* [Assignment]:
Look in the material below for the line holding "VYW US$92.18 55". Set it down exactly, with each later line up to and including the line holding "Nature montagne stylisée".

* [Data to use]:
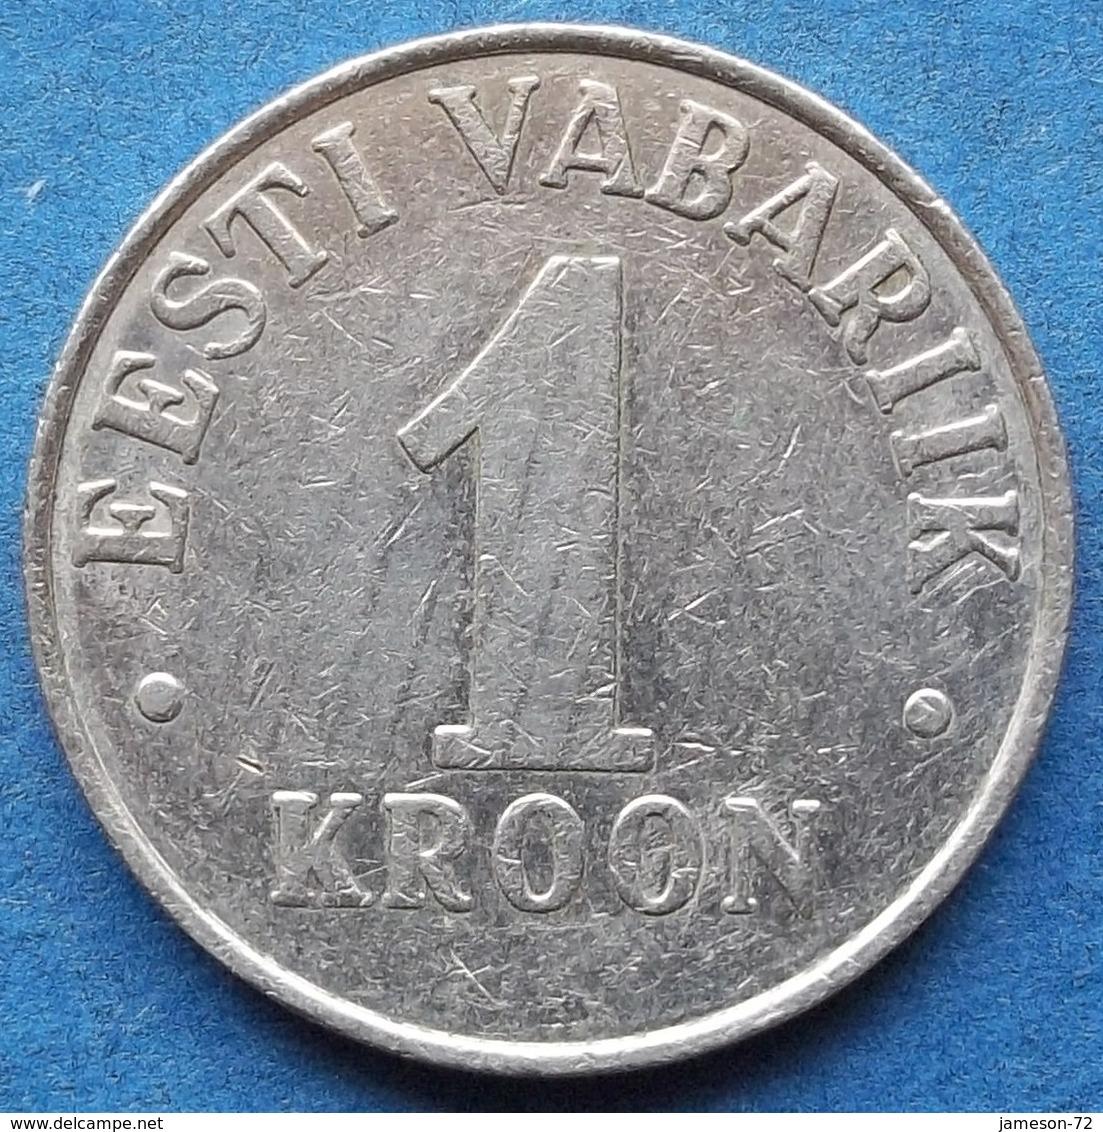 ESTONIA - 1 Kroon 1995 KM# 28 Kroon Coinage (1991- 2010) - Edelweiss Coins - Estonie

--

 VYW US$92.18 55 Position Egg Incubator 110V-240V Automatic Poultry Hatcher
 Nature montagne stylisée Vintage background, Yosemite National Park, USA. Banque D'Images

==

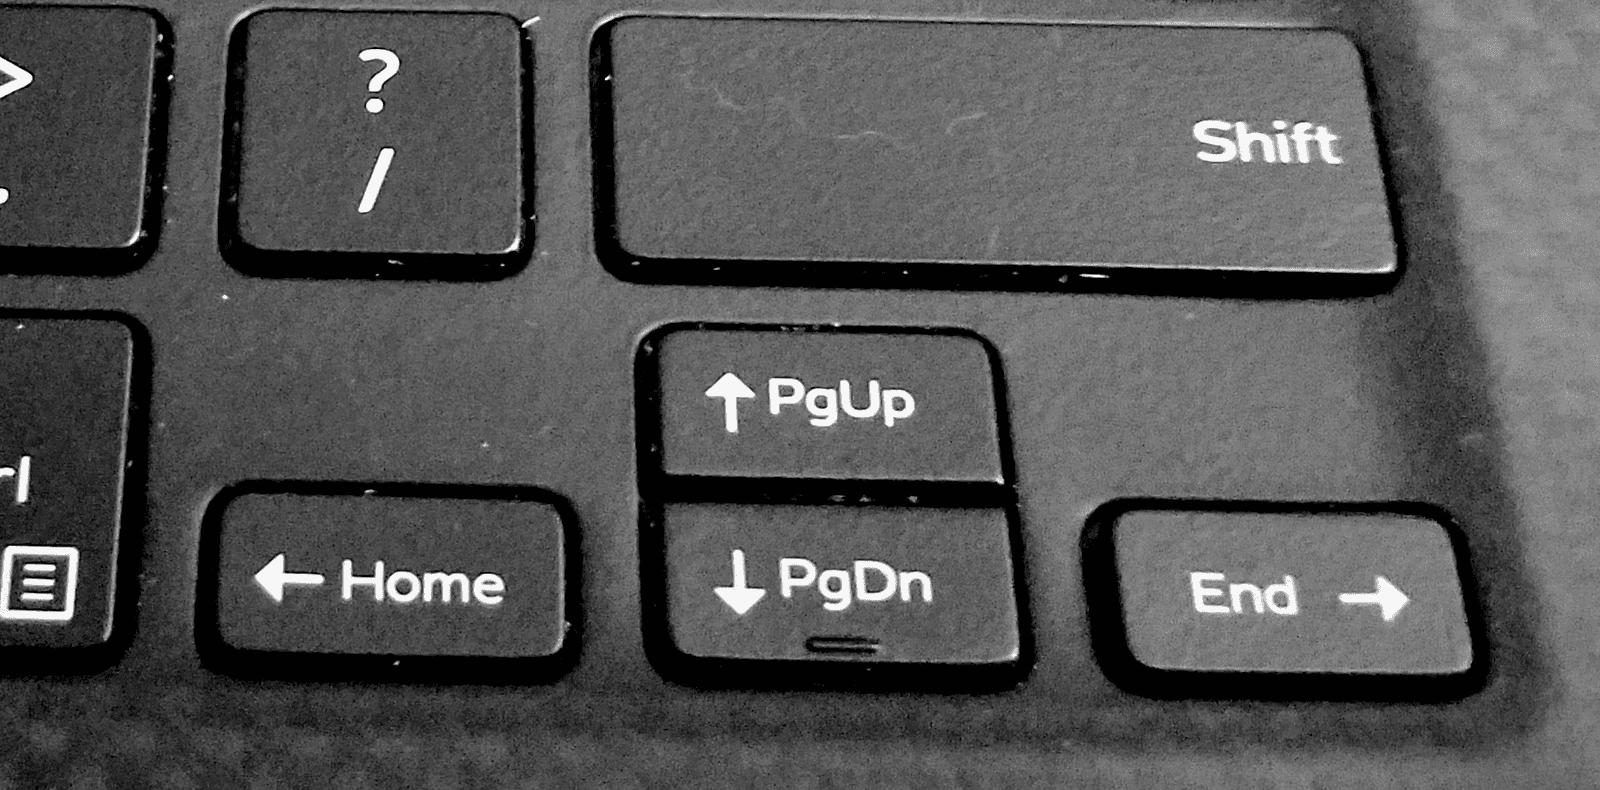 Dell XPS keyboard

* [Written solution]:
 VYW US$92.18 55 Position Egg Incubator 110V-240V Automatic Poultry Hatcher
 Nature montagne stylisée Vintage background, Yosemite National Park, USA. Banque D'Images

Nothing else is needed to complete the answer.